1. Field of the Invention
This invention relates to apparatus and methods for winding strips of filament reinforced thermoplastic onto rotating objects in order to produce wound structures. More particularly, the invention relates to apparatus and methods for simultaneously winding a plurality of filament reinforced thermoplastic strips onto a rotating object, such as a mandrel.
2. Description of the Prior Art
Fiber or filament reinforced polymers, including thermosets and thermoplastics, are known for their high strength, light weight, corrosion resistance, and ease of fabrication compared to the wood or metal structures which they commonly replace. Because of these qualities, the filament reinforced thermoset and thermoplastic structures are in increasing demand by many industries, particularly the aerospace industry.
The winding of a strip of polymer, plastic, rubber, and other materials to make cylindrical articles is well known. Particularly such use of thermoset polymer composites, including polyester, vinylester, and epoxies, is well known. Pipe, hose, and storage tanks, particularly underground storage tanks, are articles commonly made by such winding. It is also known to construct such cylindrical structures by winding a filament reinforced thermoplastic strip in multiple layers upon a rotating form or mandrel. This is commonly known as filament winding and the apparatus is commonly called a filament winding machine. One type of filament winding apparatus and method, as well as typical materials used therewith, is described in U.S. Pat. No. 4,078,957, issued to Bradt, which is incorporated herein by reference thereto.
Normally, the strip is moved laterally with respect to the longitudinal axis of the mandrel as the mandrel rotates in order to evenly distribute the strips in a layer along the length of the mandrel. The strips are normally helically wound on the mandrel with adjacent layers wound in opposing or crossed helixes. It is usually desired to distribute the strips in contiguous juxtaposition, i.e., in side to side contact, in order to form a continuous structure.
The filament reinforced thermoplastic strip may be produced immediately prior to being wound on the mandrel by a well known process, such as the wet impregnation process. In the wet impregnation process, a plurality of fibers or filaments are pulled from a creel and through a resin bath for impregnation of the filaments with the resin. The resin impregnated filaments, commonly referred to as "prepreg feed material" are pulled through a heated forming zone to form the filament reinforced thermoplastic strip to be wound about the mandrel.
More typically, the filament reinforced thermoplastic strip is purchased or provided to the filament winding apparatus ready-made. Such ready-made filament reinforced thermoplastic strips are commonly known as preimpregnated strips, prepregs, tow pregs, pregs, and other similar names.
Filament reinforced thermoplastic strips may be wound to create structures of various sizes and shapes. In many such structures, the width of the strip may need to be closely controlled in order to produce the desired shape of wound structure in an acceptable quality. For example, in a wound structure of large size, it may be desirable to use wide strips in order to speed the winding process. It is common to need a width of strip which is not readily available in a single premanufactured "prepreg" strip. In such a situation, it would be of great advantage to be able to simultaneously wind multiple strips which in combination add to the desired overall strip width.

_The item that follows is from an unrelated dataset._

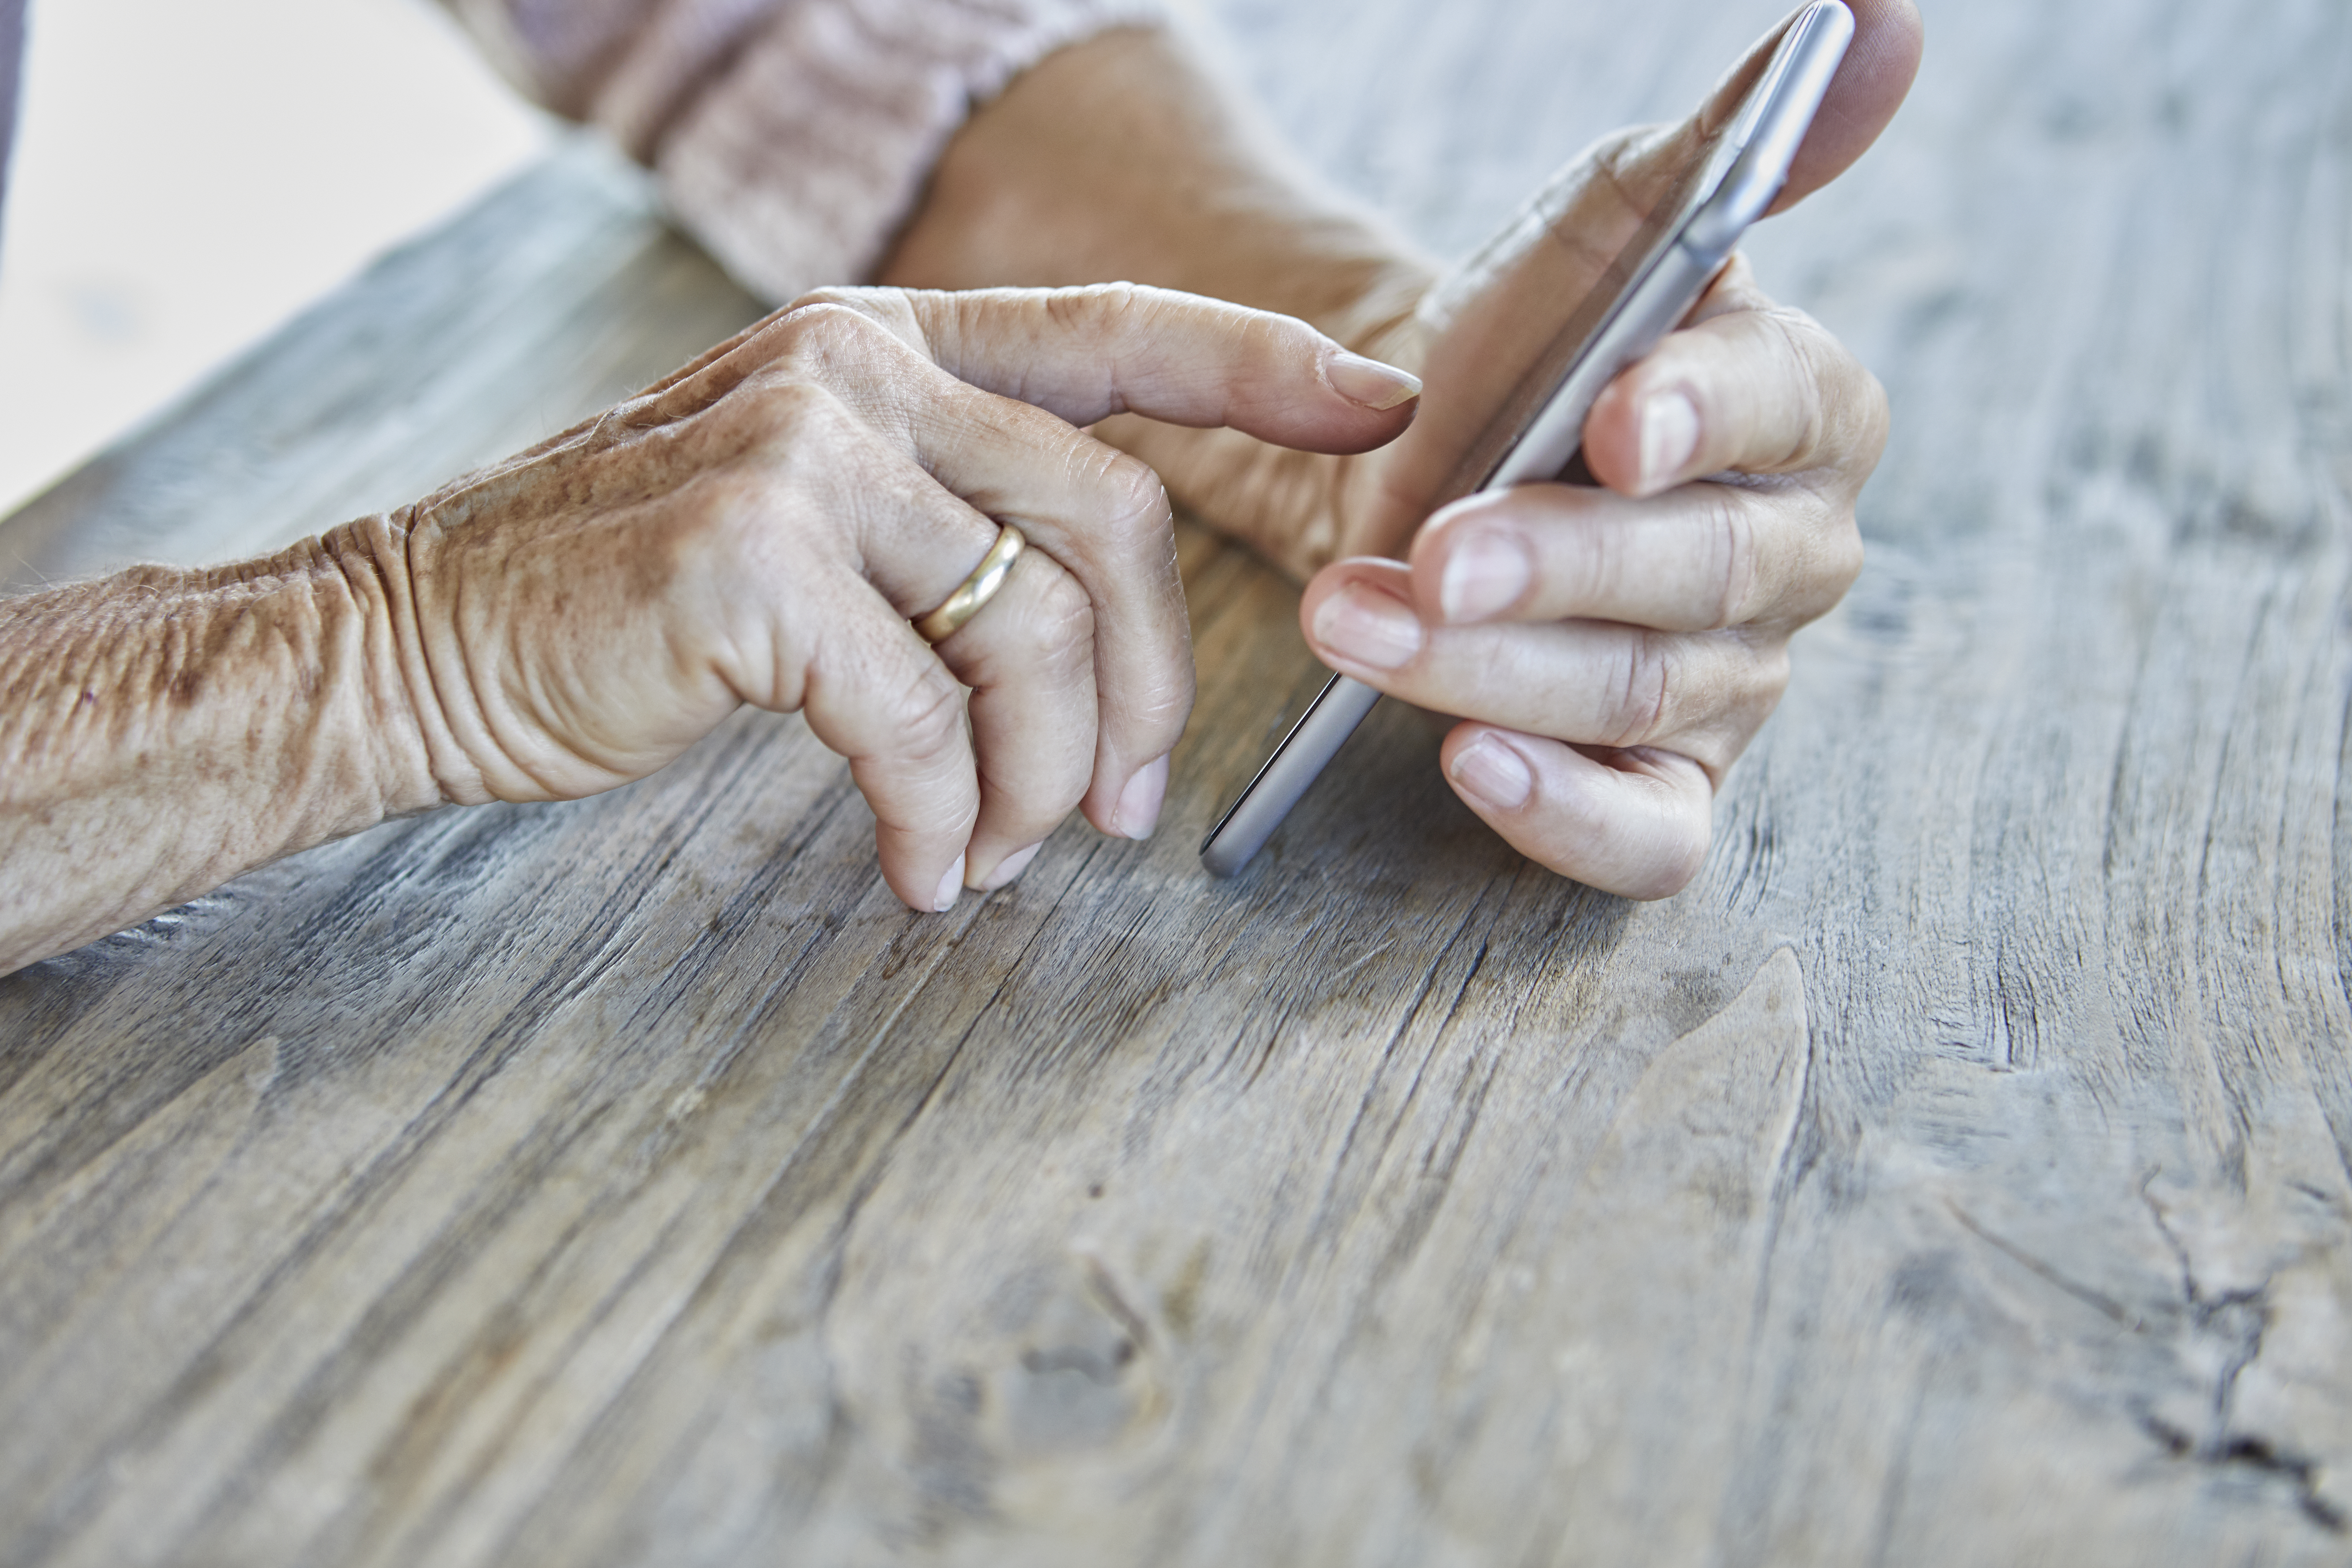 Woman's hands using smartphone, close-up | Source: Getty Images
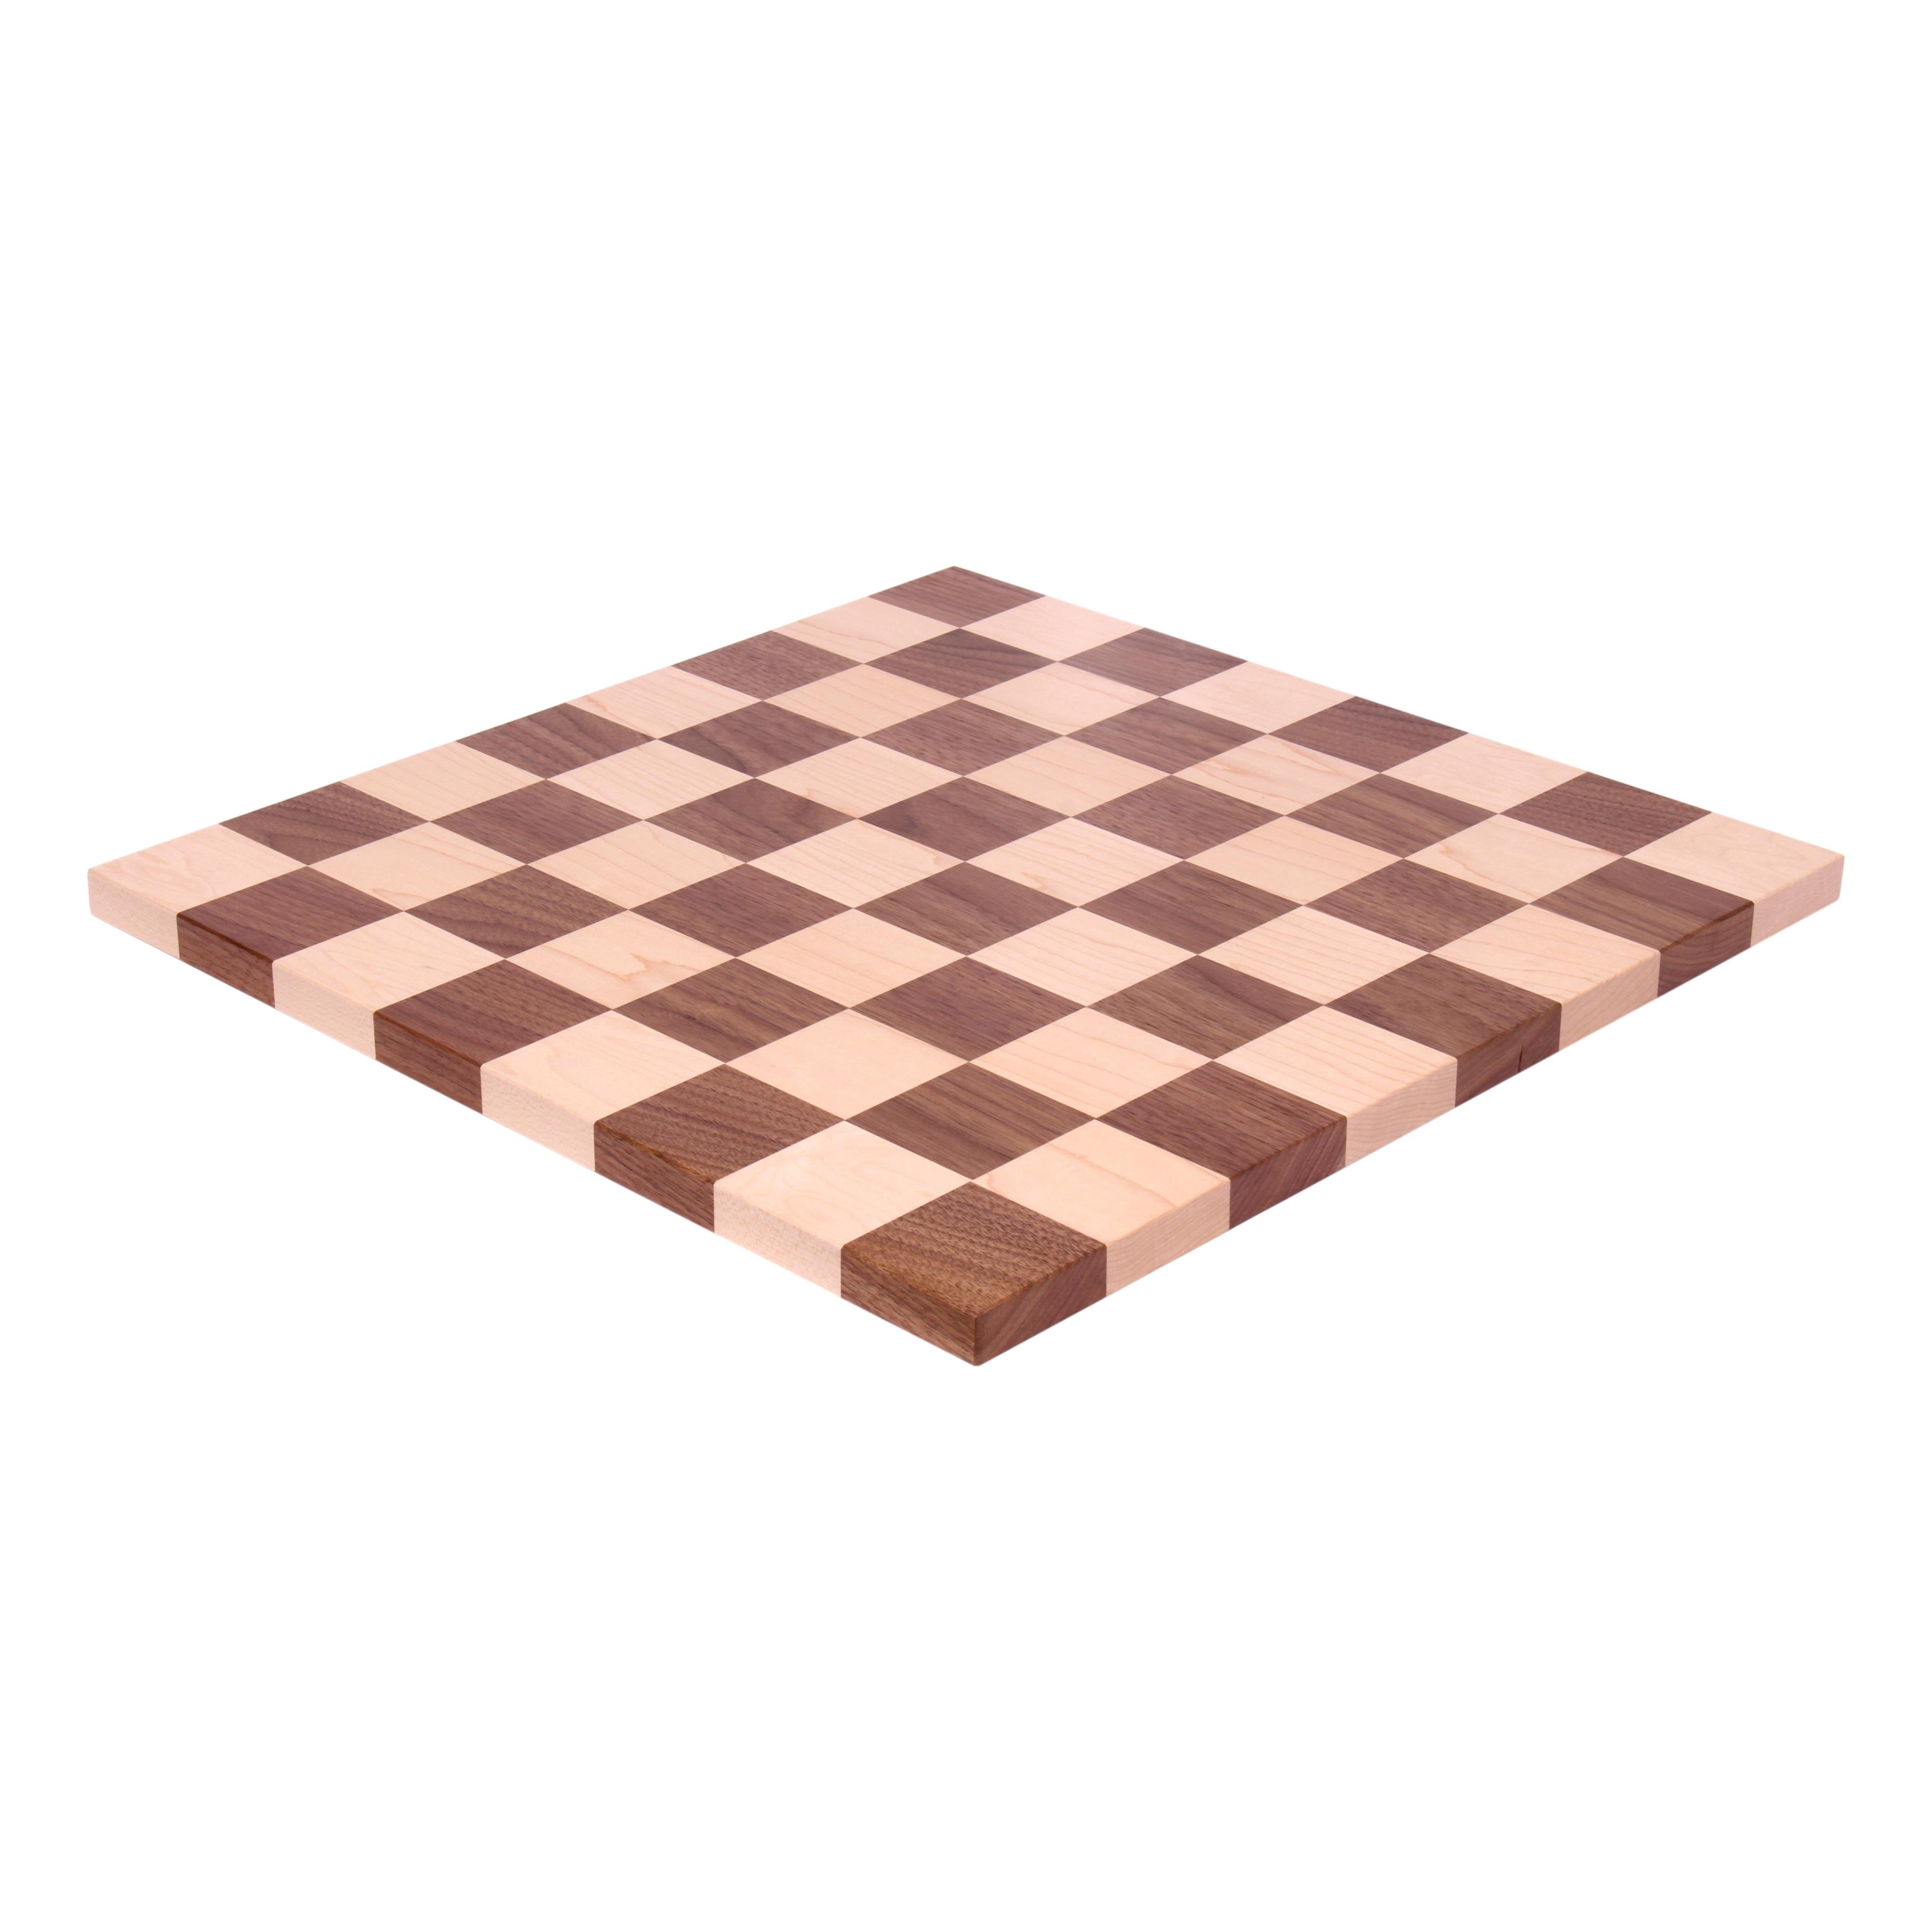 Amish Wooden Checker Board Game

It is also common to have a single cylindrical shape which has areas of various diameters, continuously increasing or decreasing diameters, etc. In such structures, because of the helical pattern of the strip, one side of the strip must cover more wound structure surface area, i.e., the side of the strip which is being applied to the area of wound structure having larger diameter must cover more structure. If one strip of desired width is used, wrinkling or strip damage may occur because of the change in mandrel, or wound structure, diameter and tension across the width of the strip. In such a situation, it would be of great advantage to use simultaneously applied multiple strips which are free to travel at differing speeds and distances in order to accommodate the changing diameter of the mandrel.
However, the industry has met with limited success in simultaneously winding multiple plastic strips. A major problem encountered when constructing filament reinforced thermoplastic structures by simultaneously winding a plurality of strips upon a rotating mandrel, is that the strips separate and create gaps or voids in the layer of the structure being created. This problem is worse if the mandrel is large, e.g., greater than four inches in diameter, or if the combined width of the simultaneously applied strips is relatively narrow, because the lateral motion of the simultaneously applied strips with respect to the longitudinal axis of the mandrel is slow. (Normally, the mandrel and strip supply means are adjusted so that the strip advances along the longitudinal axis of the mandrel with each rotation of the mandrel.) This slow lateral motion increases the tendency of the simultaneously applied strips to separate and create gaps or voids in the layer of the structure being wound. These gaps or voids also weaken the structure and create a need to either increase the number of layers or otherwise compensate for such gaps and voids.
The present invention is directed to apparatus and methods which prevent the separation of filament reinforced thermoplastic strips which are simultaneously applied to a rotating mandrel or similar object.